Шрифт:
Закладка:
Наконец отец поехал со мной к полтавской знати.
Прежде всего, мы были у губернаторши. Губернаторша – светская женщина, очень любезная, что можно сказать и о губернаторе. У него было «собрание», но он вышел в гостиную и сказал отцу, что никакое собрание не может помешать ему посмотреть на такую очаровательную барышню.

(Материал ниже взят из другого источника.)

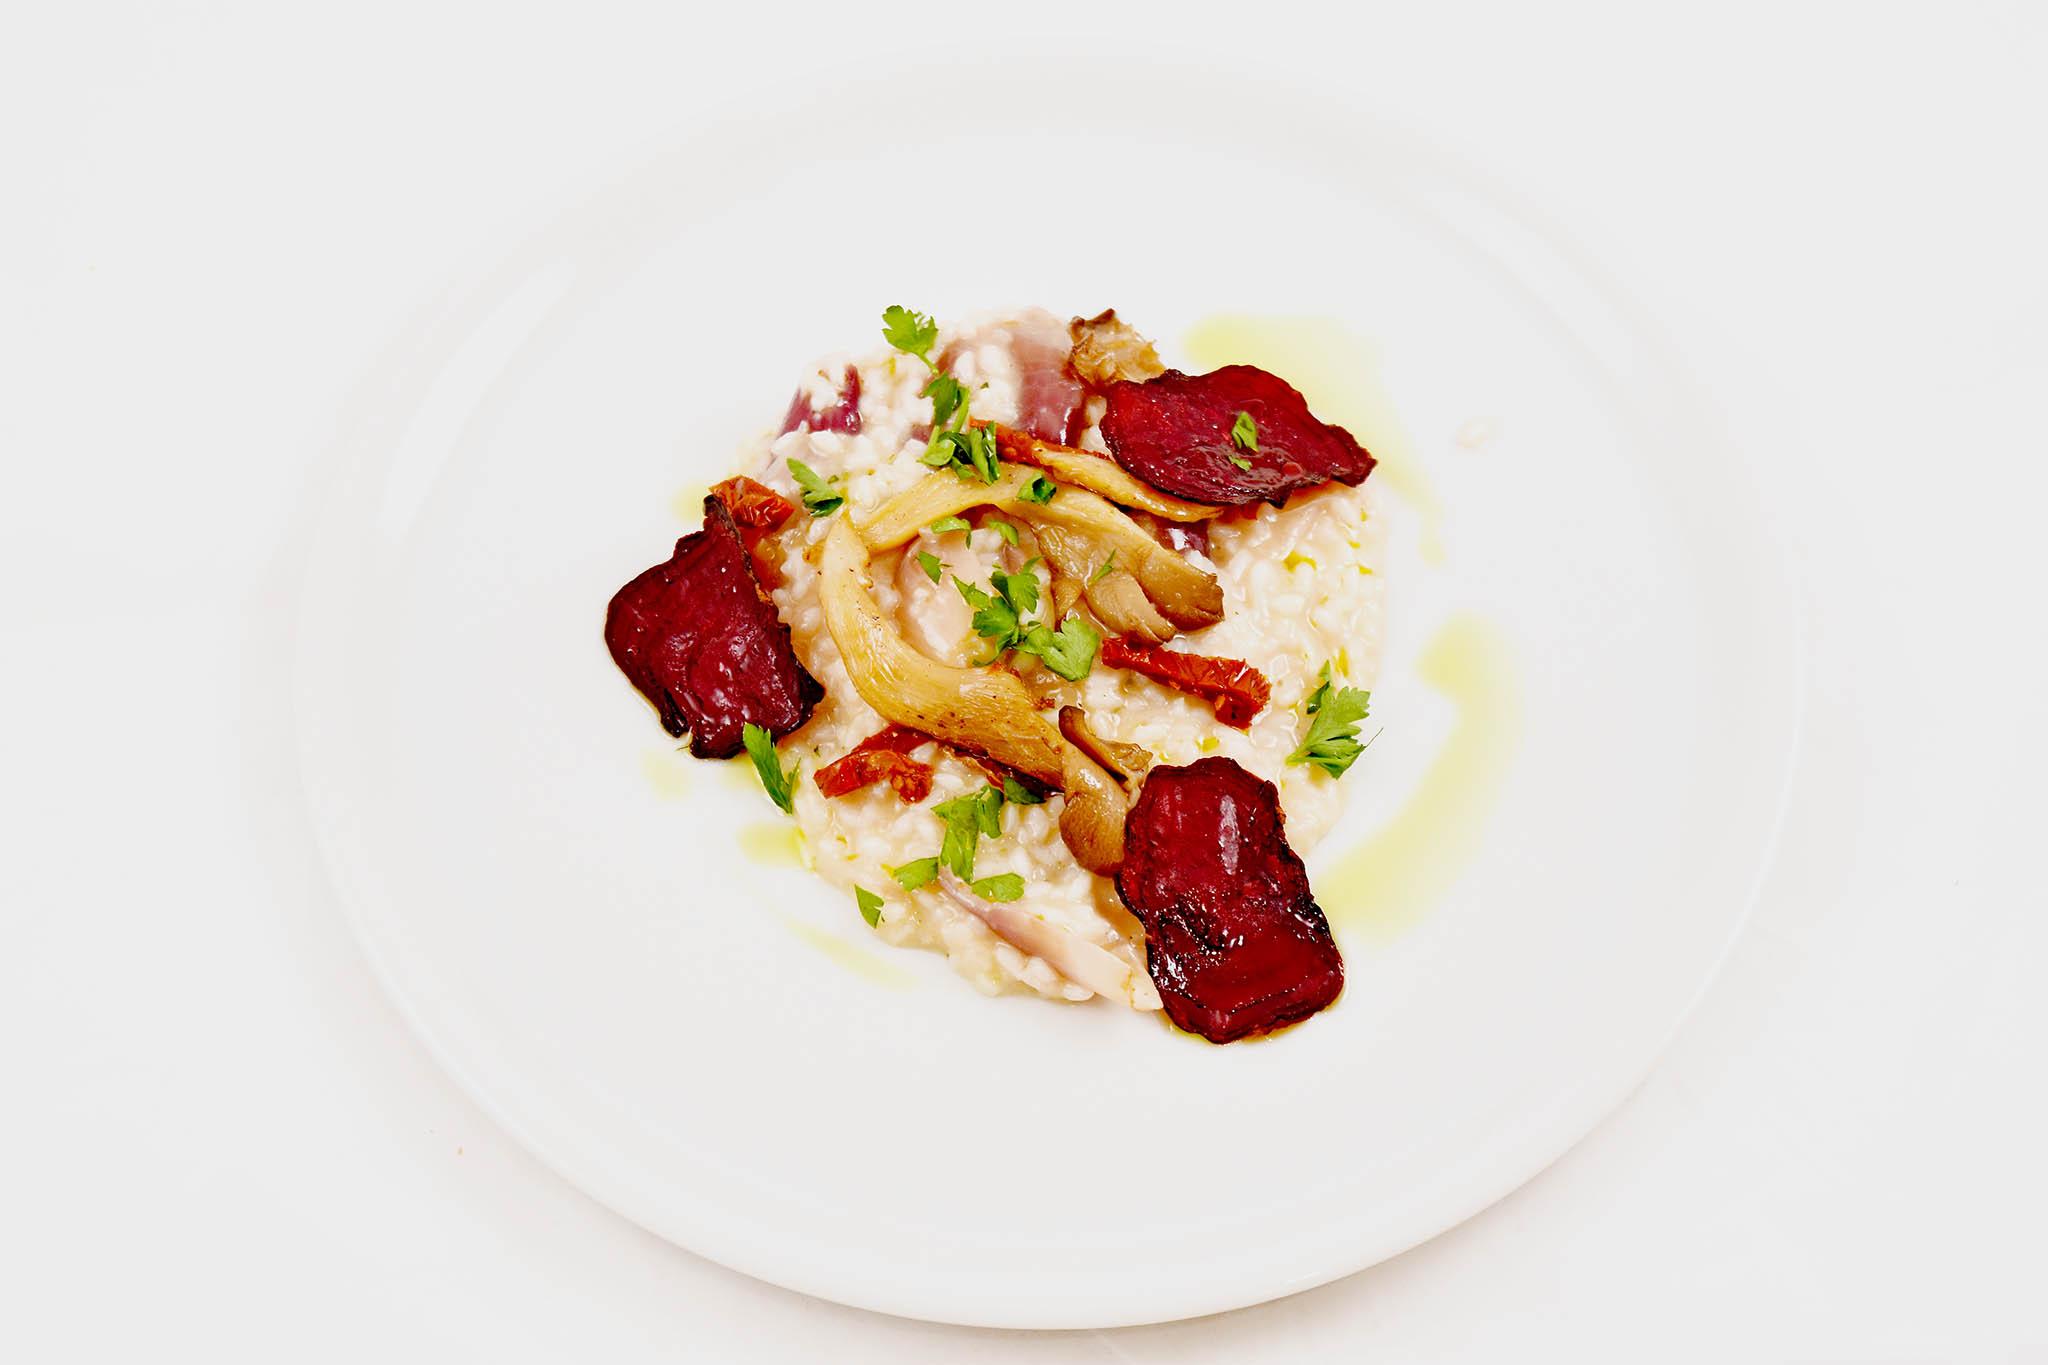 Jednou ze specialit podávaných na plošině bude risotto s marmeládou z pečené červené cibule, s houbami shiitake a červenou řepou.

Губернаторша проводила нас в переднюю, и мы отправились к другим порядочным людям.
Мы были у вице-губернатора, у начальницы «Института для благородных девиц», у m-me Волковицкой, дочери Кочубея. Потом я взяла извозчика и отправилась к дяде Александру, который здесь в гостинице с женой и детьми.
Ах! Как хорошо быть у своих! Не боишься ни критики, ни сплетен… Может быть, семья отца кажется мне холодной и злой по сравнению с нашей, где все замечательно дружны, согласны и любят друг друга.

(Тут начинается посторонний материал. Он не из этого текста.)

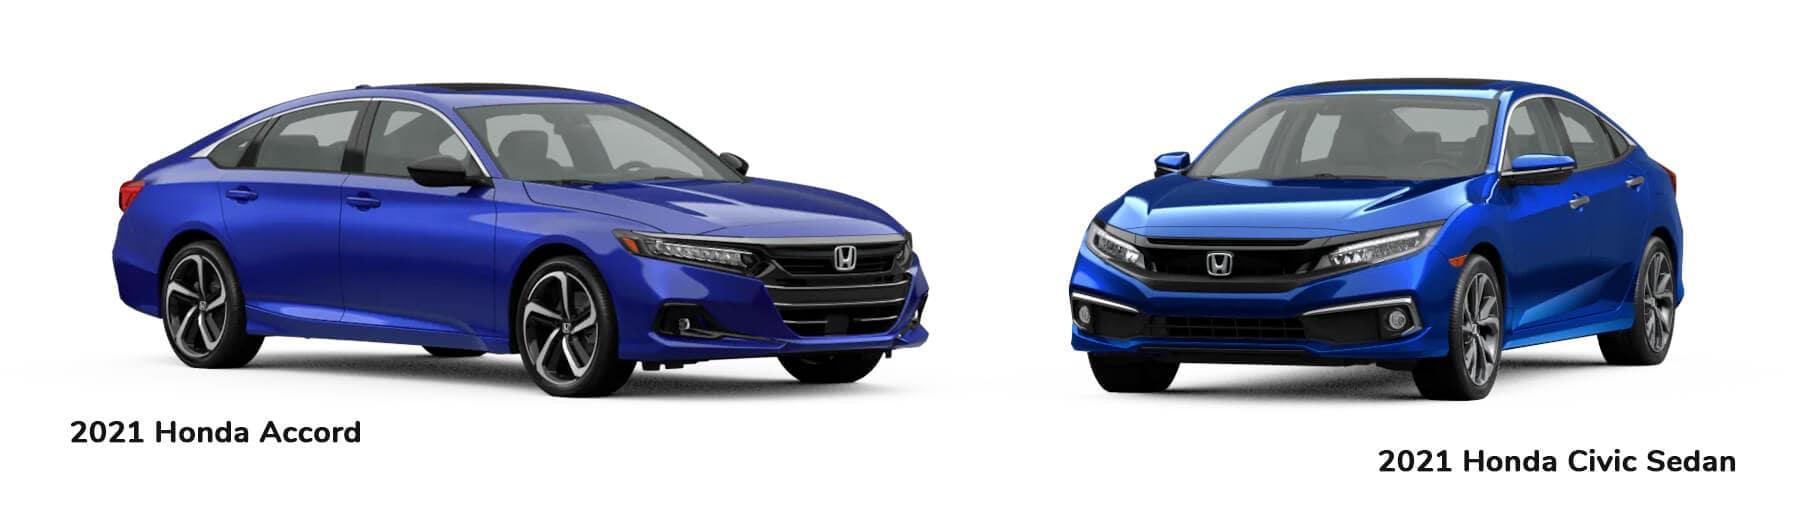 2021 Accord vs. 2021 Civic Sedan Jellybean

В разговорах о делах, о любви, о сплетнях я провела очень приятно два часа, по прошествии которых ко мне начали являться посланные от отца. Но так как я отвечала, что еще не расположена уезжать, то он приехал сам, и я промучила его еще полчаса, копалась, искала булавки, мой платок и т. д.
Наконец мы уехали, и, когда мне показалось, что он успокоился, я сказала:
– Мы сделали большое невежество.
– Какое?
– Мы были у всех, кроме m-me М., которая знает maman и знала меня ребенком.
Последовал целый разговор, окончившийся отказом.
Когда губернатор спросил меня, сколько времени я пробуду у отца, я сказала, что надеюсь увезти его с собой.
– Ты слышала, что сказал губернатор, когда ты сказала, что собираешься увезти меня? – спросил мой славный родитель.
– А что?
– Он сказал, что на это нужно разрешение министра, как предводителю дворянства.
– Ну, так хлопочите скорее, чтобы ничто не могло задержать нас.
– Хорошо.
– Так вы едете со мной?
– Да.
– Серьезно?
– Да.
Было более восьми часов, в карете было темно, и я могла говорить, не боясь вмешательства моего несносного лица.
16 сентября
Я все еще продолжаю быть довольной; похвалы губернатора и губернаторши еще возвысили меня в глазах отца.
Впечатление, производимое мною, льстит его самолюбию; я и сама не сержусь на то, что говорят: «Вы знаете, дочь Башкирцева замечательная красавица». (Эти бедные дураки ничего, значит, не видали!)
Гавронцы. 17 сентября
В ожидании моей будущей известности я хожу на охоту в мужском платье, с ягдташем через плечо.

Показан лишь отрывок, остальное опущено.